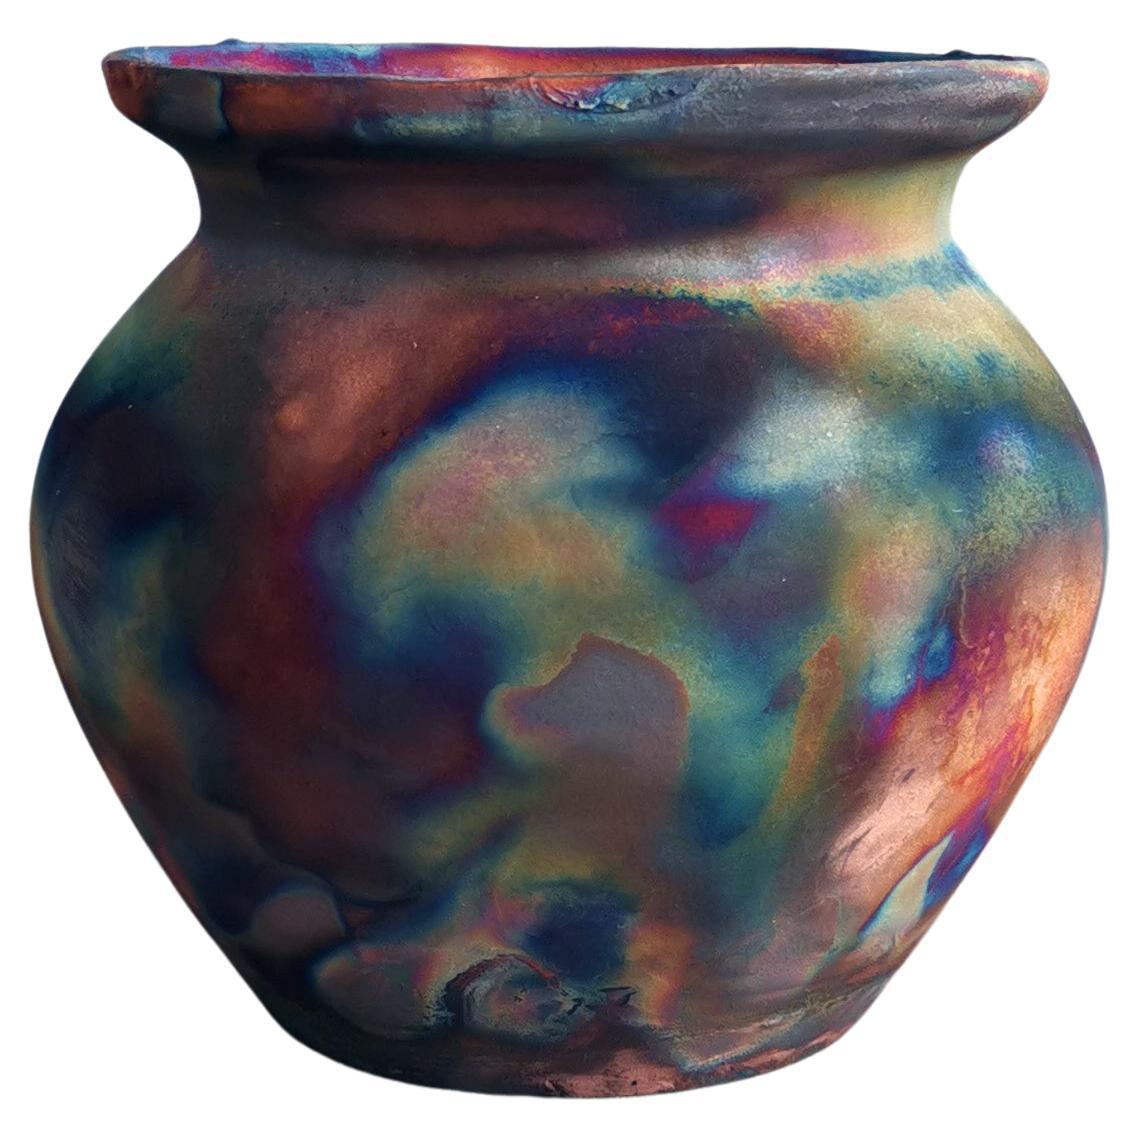 Hofu Raku Ceramic Vase - Full Copper Matte - Handmade Pottery Home Decor Gift For Sale
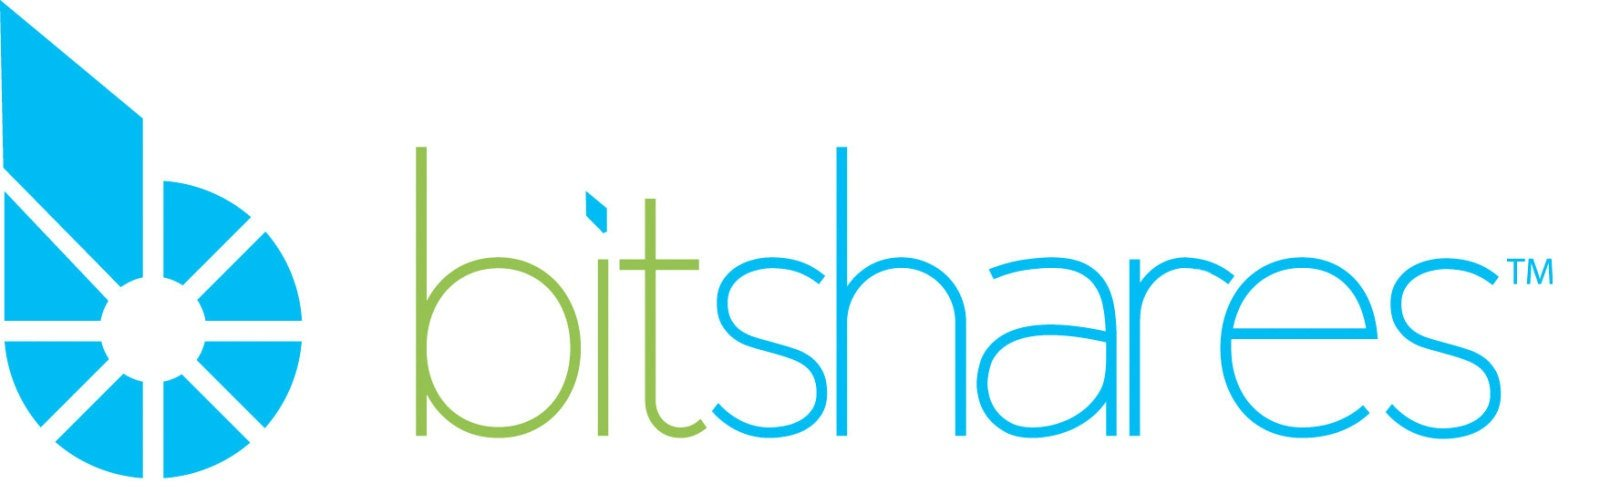 BitShares Logo.png
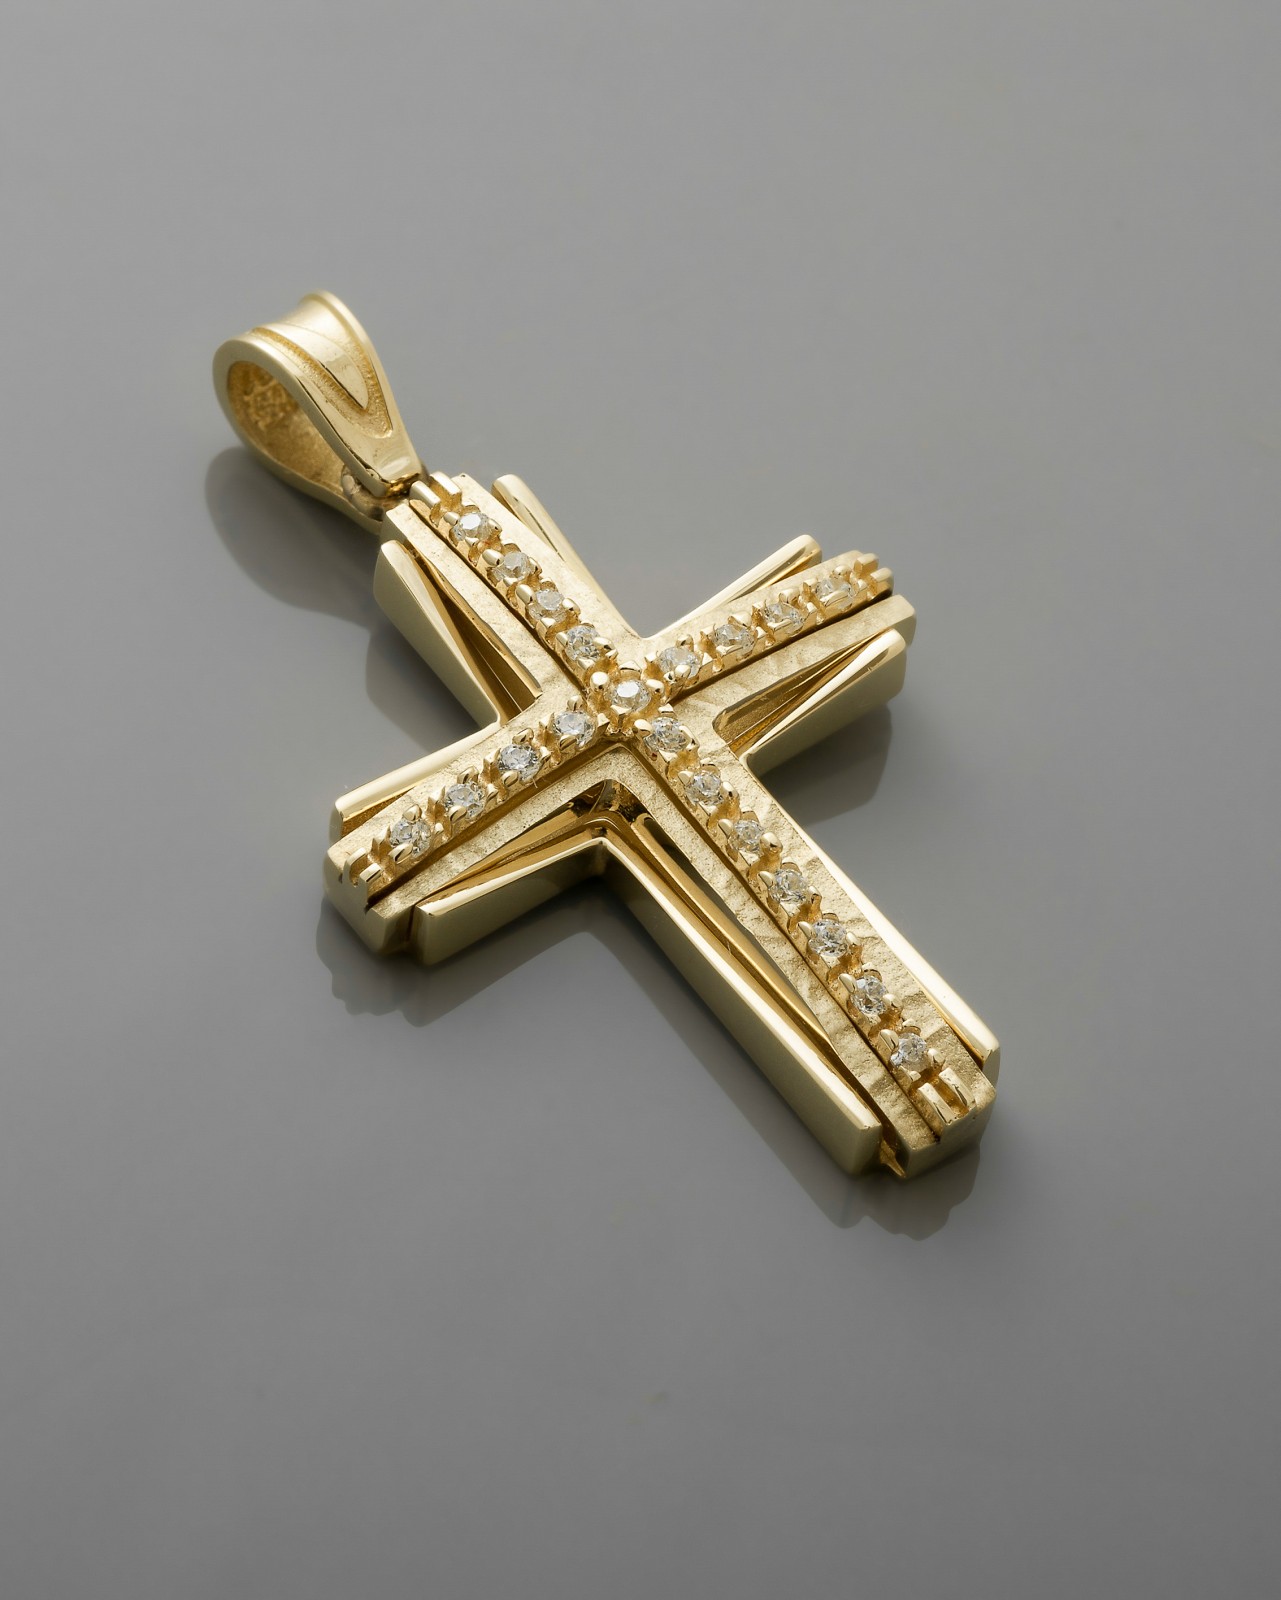 Σταυρός χρυσός valoro με τρία επίπεδα ανάγλυφες λεπτομέρειες και πολύτιμους λίθους.
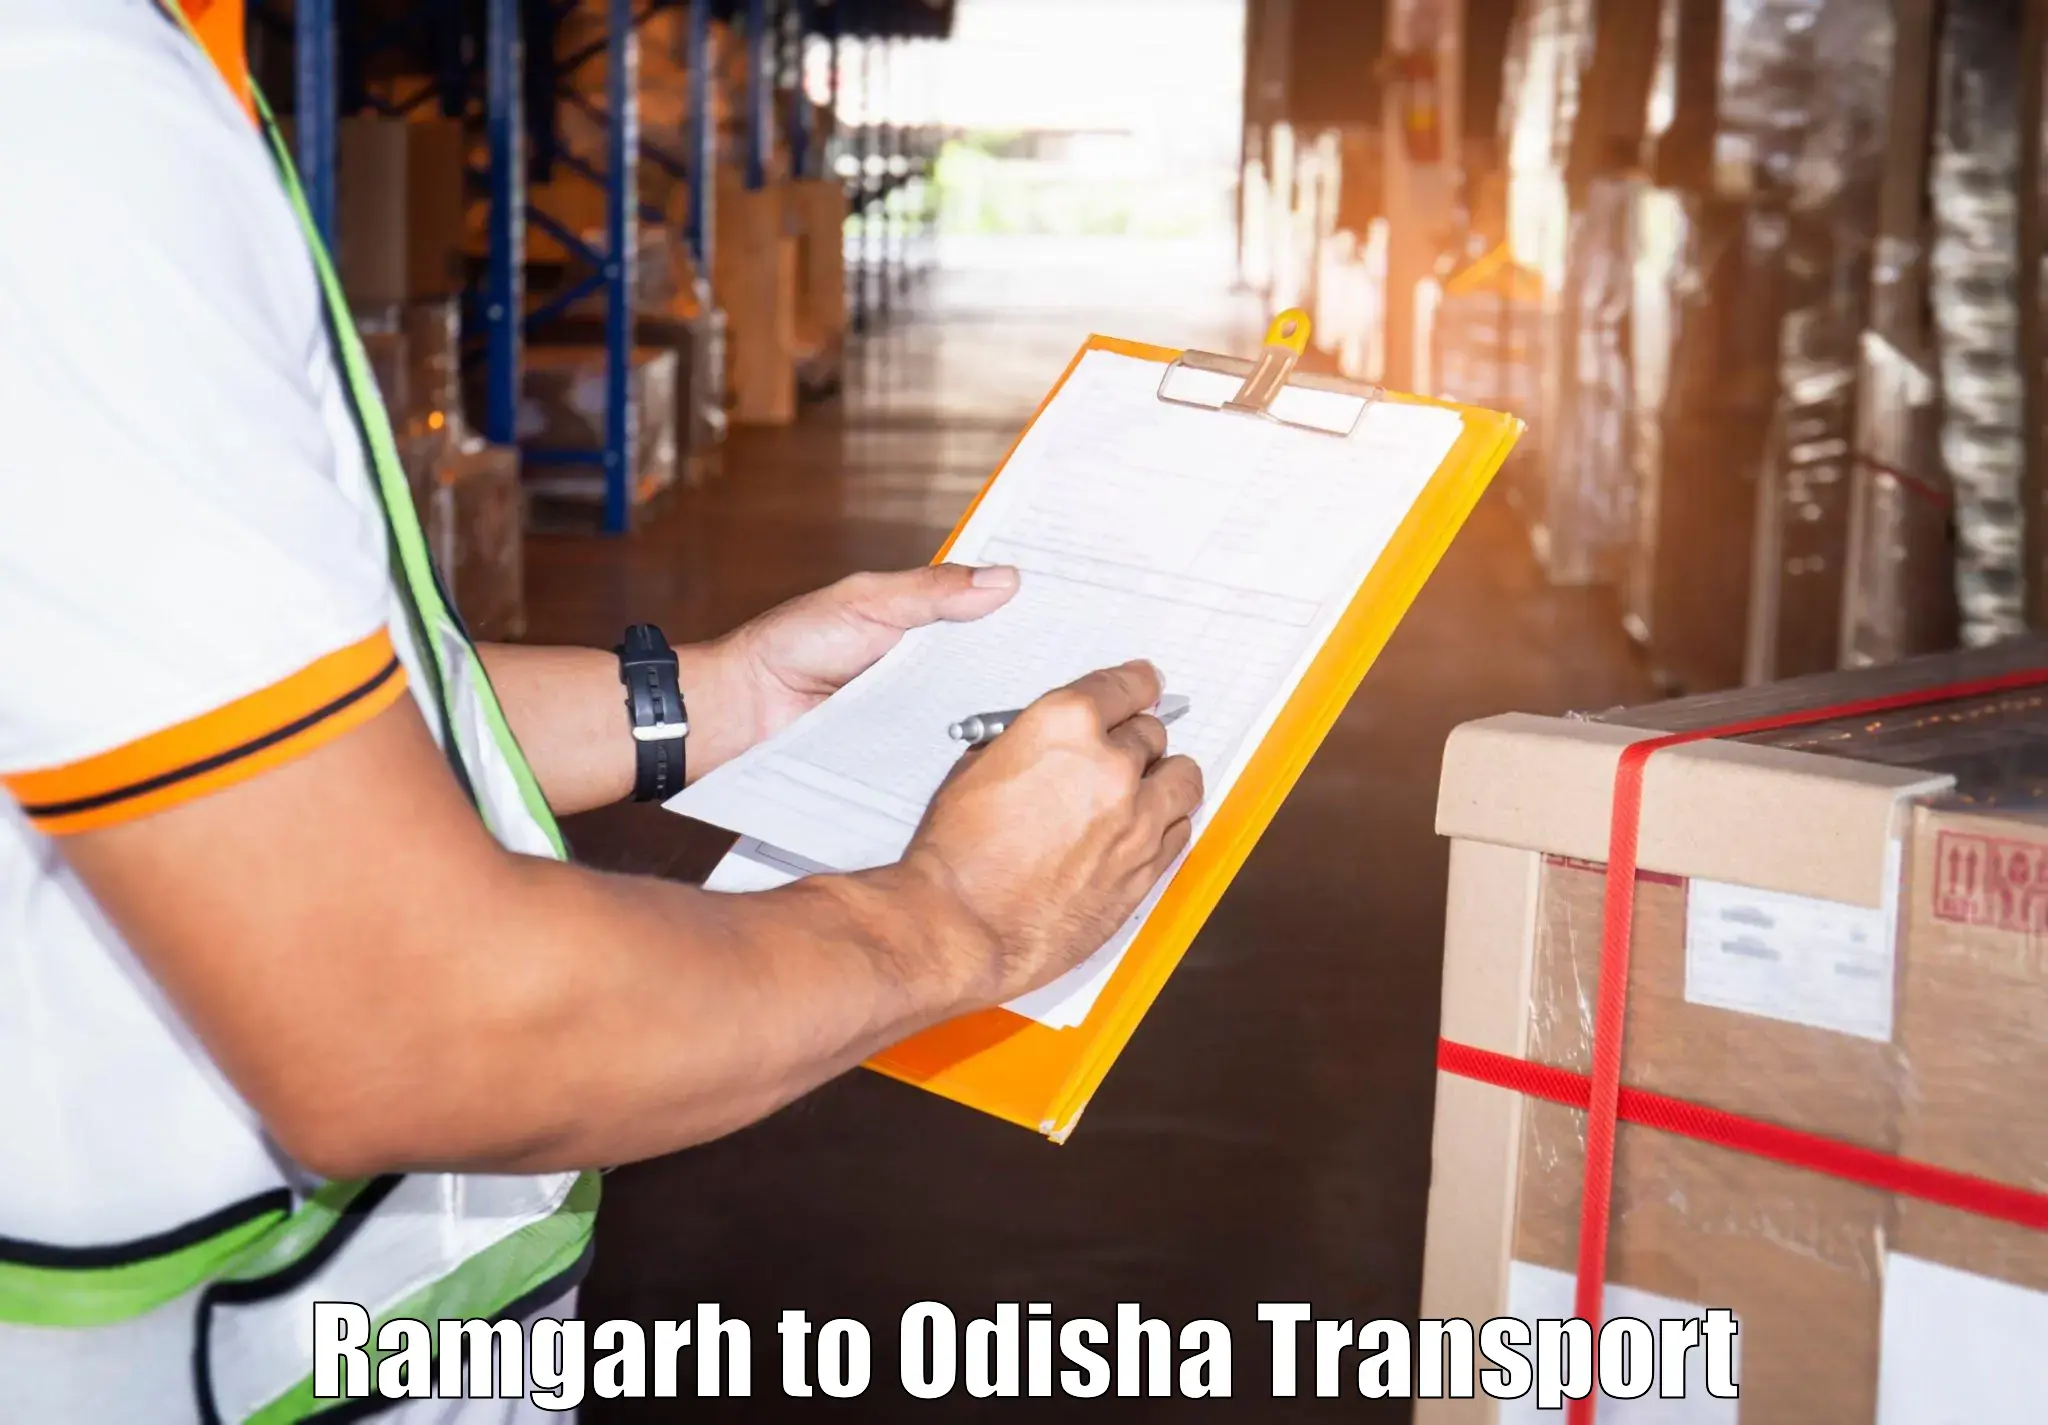 Daily transport service Ramgarh to Paikana

§ DIRECTIONS FOR THIS TASK: Transcribe the whole listing, character for character, but not its images.

§ YOUR RESPONSE:
 Hofu Raku Ceramic Vase - Full Copper Matte - Handmade Pottery Home Decor Gift For Sale
 BitShares Logo.png
 Σταυρός χρυσός valoro με τρία επίπεδα ανάγλυφες λεπτομέρειες και πολύτιμους λίθους.
 Daily transport service Ramgarh to Paikana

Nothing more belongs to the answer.